First ran Sunday, Sept. 12, 2021, in The Times and The News-Star.

Airplane pilots call it “severe clear,” when the sky is so blue you can see forever, when visibility is unlimited.

In the re-telling of stories from 9/11 survivors and people who were on the scene in New York City that day, so many remarked on the sky that Tuesday morning, a forever blue, cloudless sky.

Severe clear.

A strange and eerie coincidence then, that America never saw it coming. The sky and the international landscape was changed forever after American Airlines Flight 11, a Boeing 767 carrying 81 passengers—including five hijackers—and 11 crew members, left Boston’s Logan International Airport at 7:59 EDT bound for Los Angeles International Airport and crashed into the North Tower of the World Trade Center at 8:46 EDT.
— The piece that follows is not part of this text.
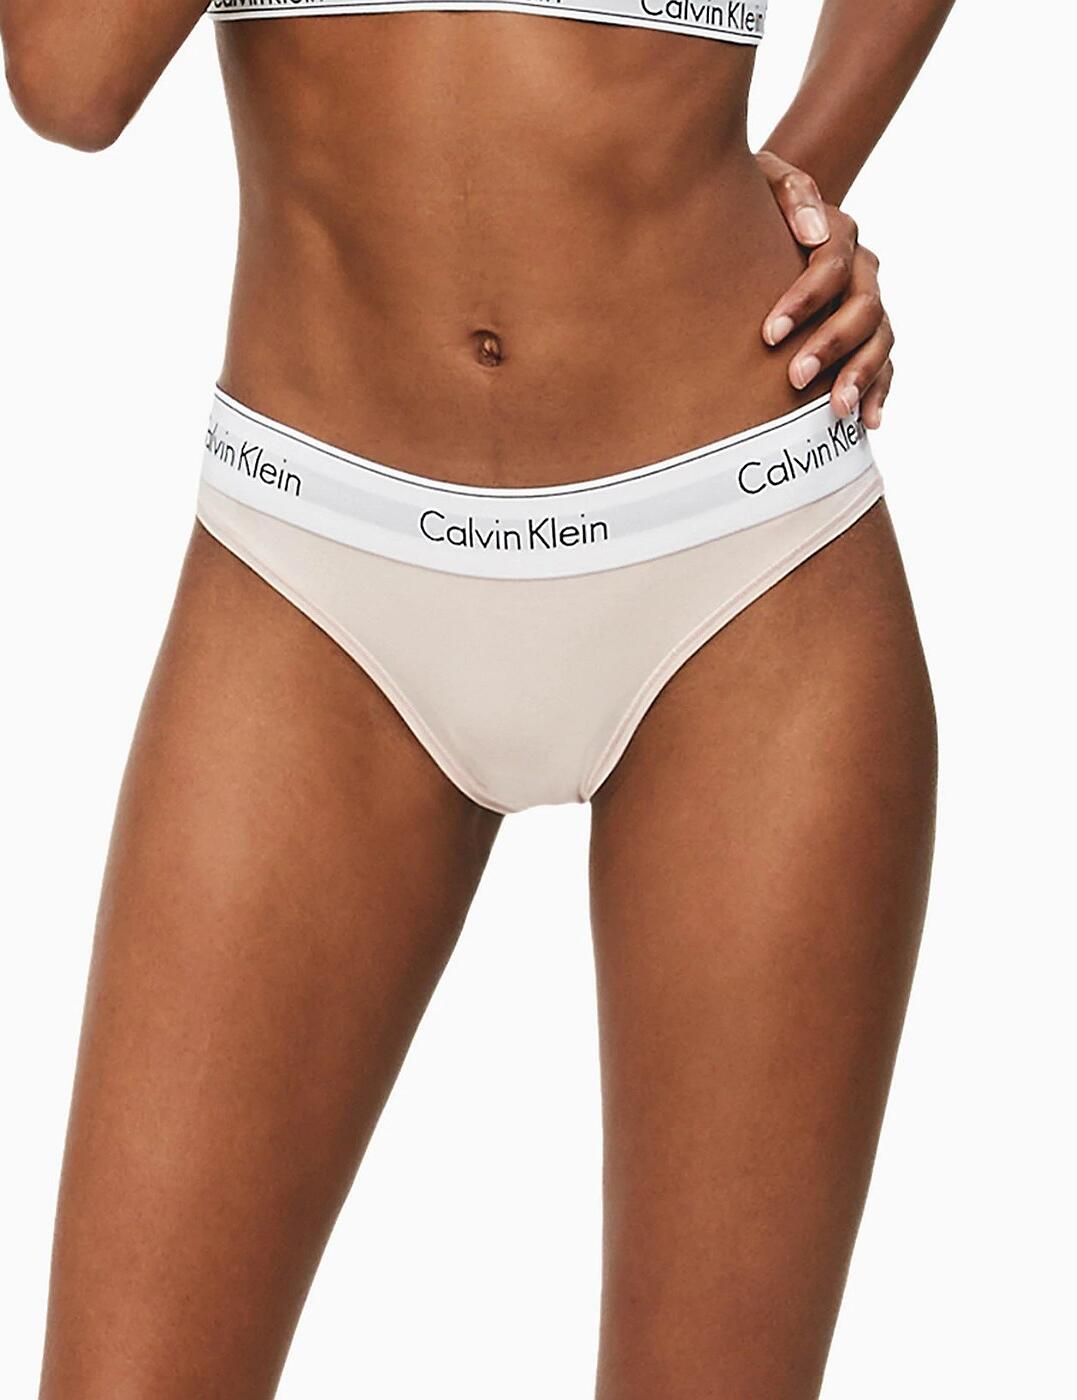 Calvin Klein Modern Cotton Bikini Style Brief - Belle Lingerie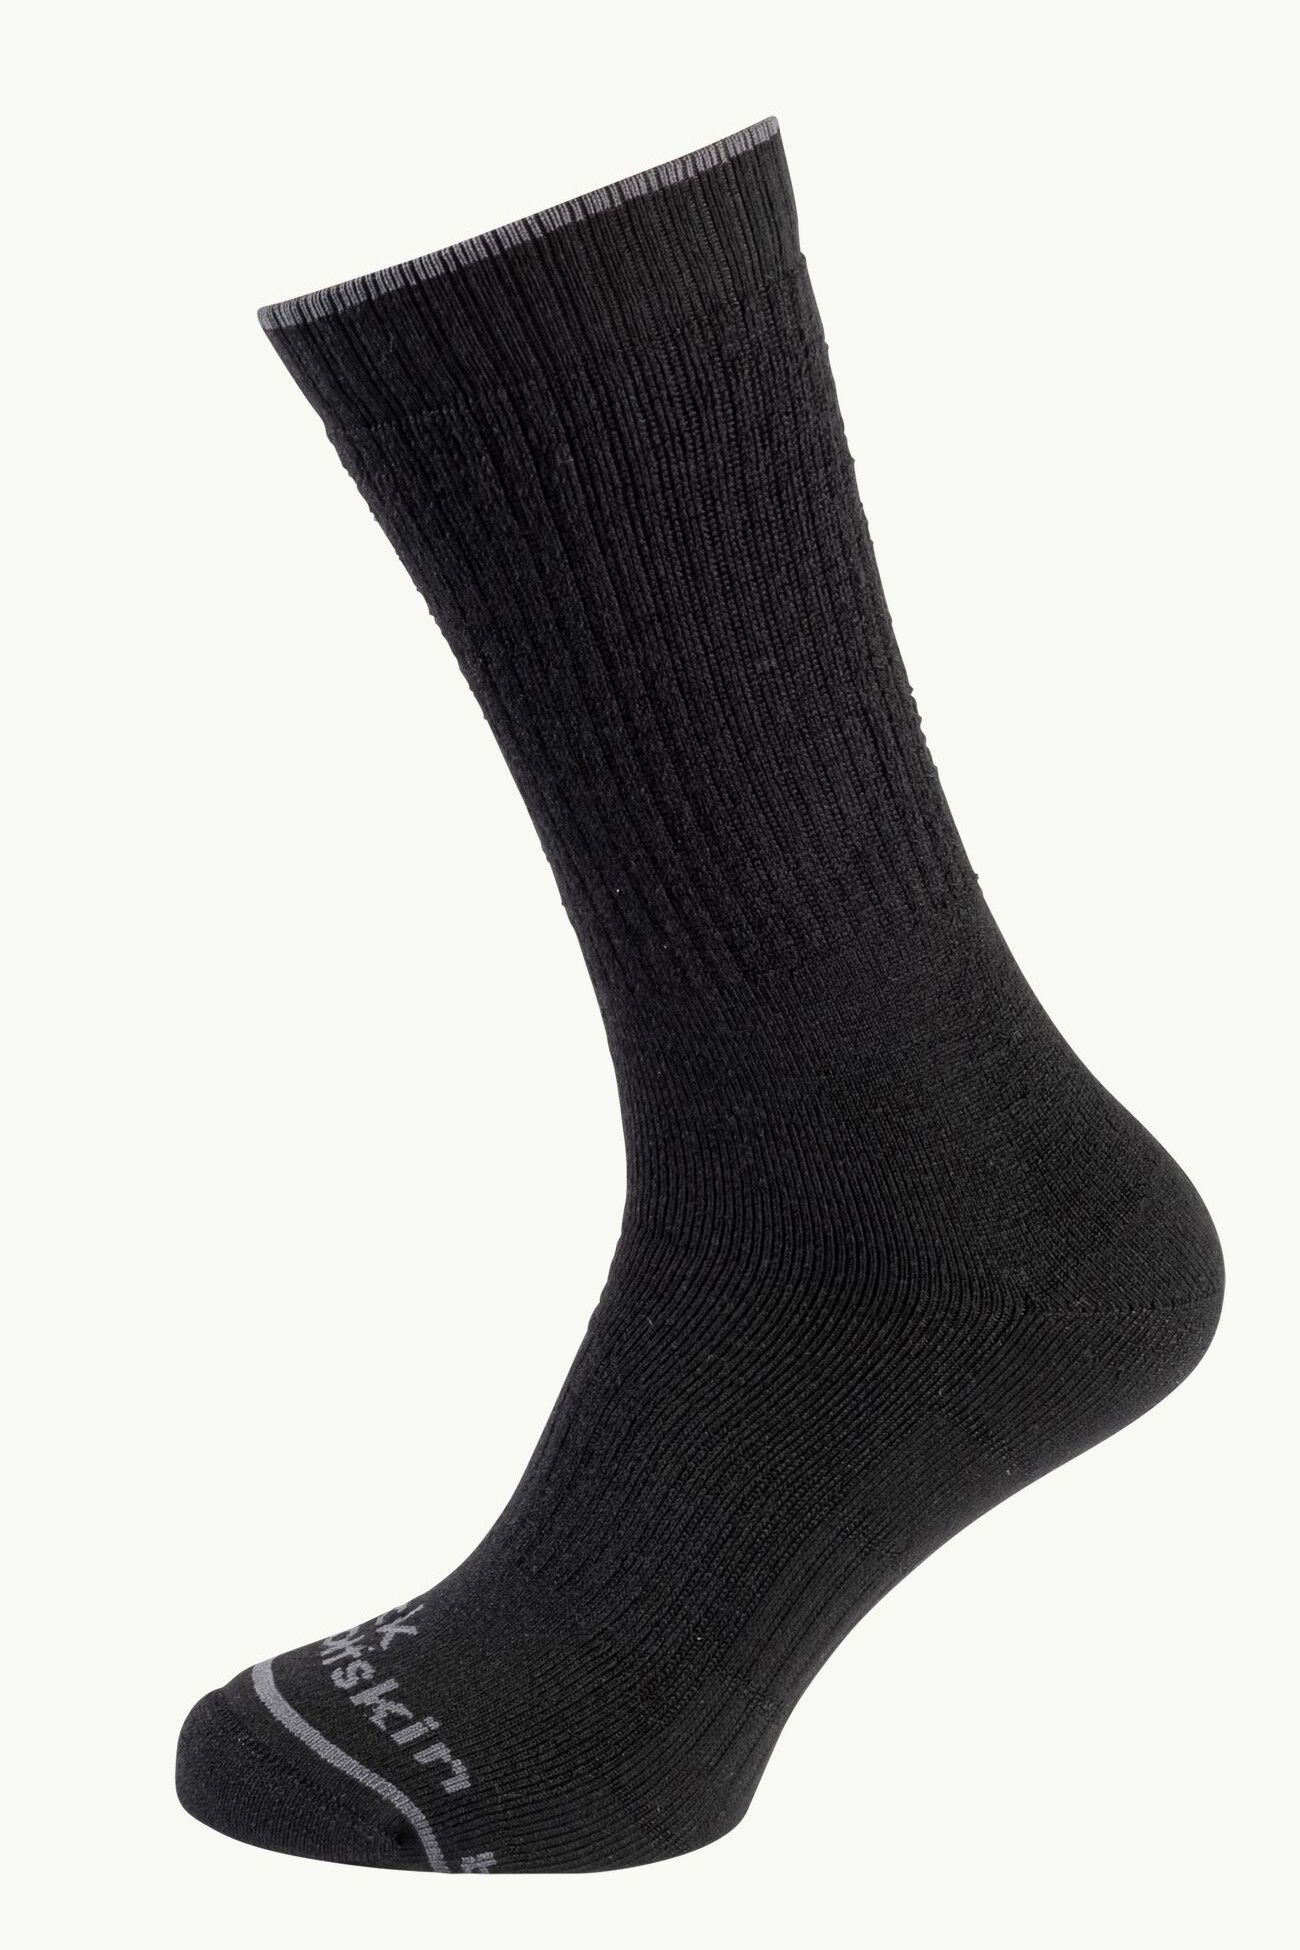 Шкарпетки  Jack Wolfskin TREK MERINO SOCK CL C чорні 1911411-6000 изображение 2

Those of a certain age will always remember where they were when they heard. I had just dropped off my No. 1 son at junior high when the voice on the radio told me a plane had crashed into the World Trade Center. So someone piloting a little twin-engine must have had a heart attack or something, you figured. Tragic.

Except that’s not what happened at all.

This was the first major news event in which the world was wired for immediate participation in what was happening that day in Manhattan. Social media. Internet. Live pictures. We were left to try and figure out in real time what was happening, just as the reporters were trying to do.

It wasn’t until Wednesday, September 12—20 years ago this Sunday—that the last of the 20 survivors of the towers’ collapse was rescued from the rubble, a Port Authority secretary named Genelle Guzman-McMillan. She’d been buried for 27 hours and is alive today, she said this week, because of the grace and goodness of God sparing her so she could share her story.

Because two decades have passed, young adults who were alive at the time but too young to remember might want to know more about that day. Or if you’re my age, you might want to know more, or to remember more. A couple of suggestions…

“102 Minutes: The Unforgettable Story of the Fight to Survive Inside the Twin Towers” is one of the two best books I’ve read on 9/11. New York City newspaper journalists Jim Dwyer and Kevin Flynn wrote it after three years of reporting. It’s 400 pages and was released in 2005.

This book concentrates solely on what was happening inside the towers before the first plane hit until the end of the day. It’s written almost like a novel. It’s detailed with the smallest things of significance, like the names of the two people who had been at a breakfast meeting and were the last to safely leave Windows on the World, located on the 107th floor of the World Trade Center and one of the city’s greatest restaurants. It’s just one of the many cases of blind luck, one of the examples of timing that was either lucky or fatal that day.

Rick Atkinson, the Pulitzer Prize-winning author of “An Army At Dawn,” the first of his Liberation Trilogy books on WWII, describes it like this: “’102 Minutes’ does for the September 11 catastrophe what Walter Lord did for the Titanic in his masterpiece, ‘A Night to Remember’ . . . Searing, poignant, and utterly compelling.”

(If you haven’t read “A Night to Remember,” read that too.)

Another book, this one much broader, is “The Only Plane in the Sky: An Oral History of 9/11.” Garrett M. Graff wrote it after doing a takeout magazine piece and decided to vastly magnify that by talking to literally hundreds of people.

National Public Radio describes the book this way: “Graff has woven a powerful, graphic narrative of how September 11 played out everywhere from the International Space Station to the inside of the collapsing World Trade Center towers.”

One of our astronauts on the Space Station tells of how weird it was to look at America and see no contrails that afternoon. Usually, there are hundreds.

But on 9/11, by early afternoon, Air Force One was the “only” plane in the sky. The only others were the military jets dispatched to fly with it and the planes launched to protect the blazing Pentagon and Washington, D.C.

The book has been described as “the most human portrait of the September11 attacks yet,” and I’d agree. Interviews of almost 500 people, from government officials to friends and family members of survivors to witnesses and first responders.

I listened to this book instead of reading it because of the transcripts live from the actual day, including some telephone conversations from passengers who were trying to inform authorities. Some of the people talking are the actual people, and some are actors portraying the people. Everyone from the president to school children to a sheriff and fireman in Pennsylvania responding to the crash of Flight 93 in Shanksville.

The book was published in 2019 and won an Audio Book of the Year award in 2020. Listening time is 16 hours. Fairly profound. It’s a history book for a younger person who might want to know what that day was like. A day of evil tragedy, of a blue sky turned black. But also a day of many, many heroes. Never forget.